Instructions for the task
Retype, word for word, each line between the lines holding "Air pencil. Стилус" and "Panneau extérieur pour", inclusive, and leave the rest of the data alone.

Records for the exercise

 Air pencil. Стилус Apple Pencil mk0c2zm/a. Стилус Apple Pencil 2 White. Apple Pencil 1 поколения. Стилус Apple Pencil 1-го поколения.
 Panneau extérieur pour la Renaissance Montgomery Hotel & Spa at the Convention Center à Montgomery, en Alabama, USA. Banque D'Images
* * *
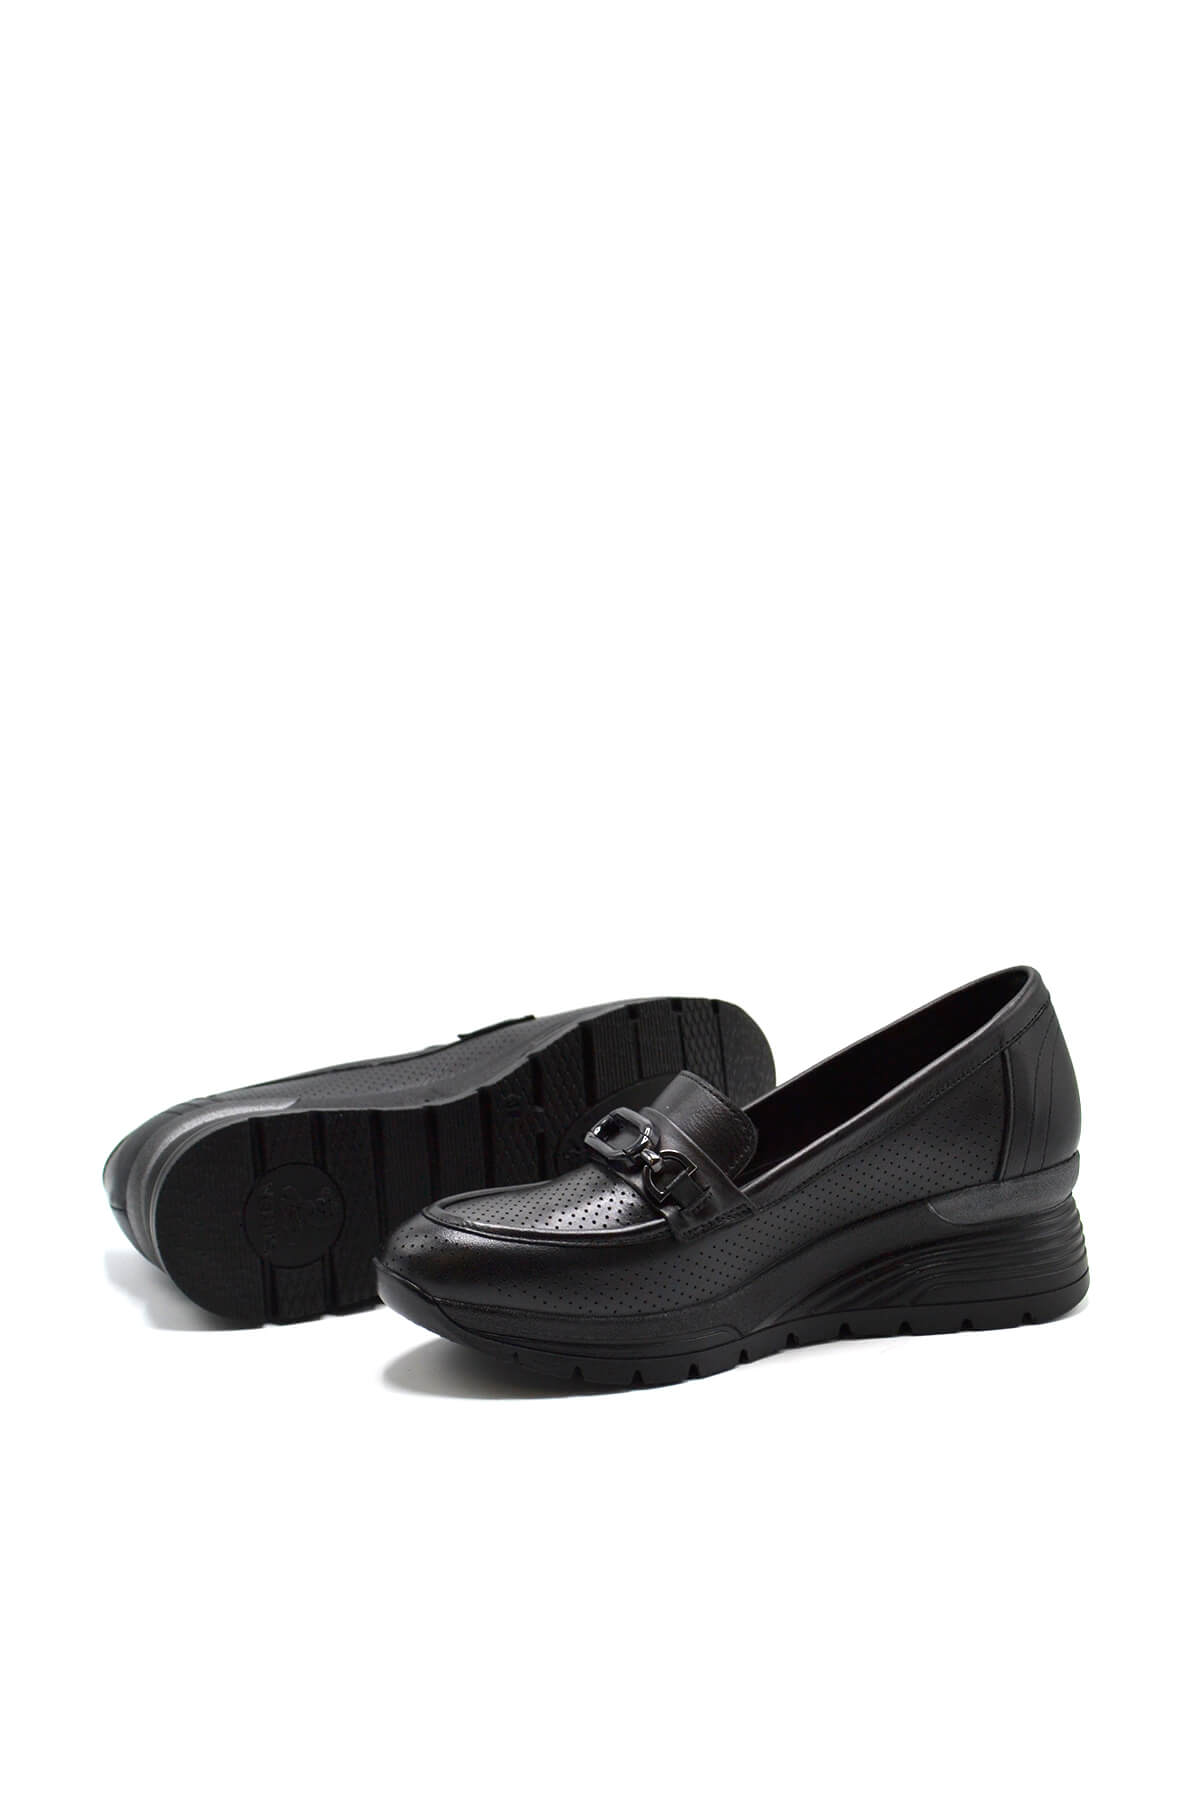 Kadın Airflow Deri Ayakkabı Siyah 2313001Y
--
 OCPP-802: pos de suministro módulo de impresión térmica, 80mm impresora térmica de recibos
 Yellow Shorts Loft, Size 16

Answer to this task
 Air pencil. Стилус Apple Pencil mk0c2zm/a. Стилус Apple Pencil 2 White. Apple Pencil 1 поколения. Стилус Apple Pencil 1-го поколения.
 Panneau extérieur pour la Renaissance Montgomery Hotel & Spa at the Convention Center à Montgomery, en Alabama, USA. Banque D'Images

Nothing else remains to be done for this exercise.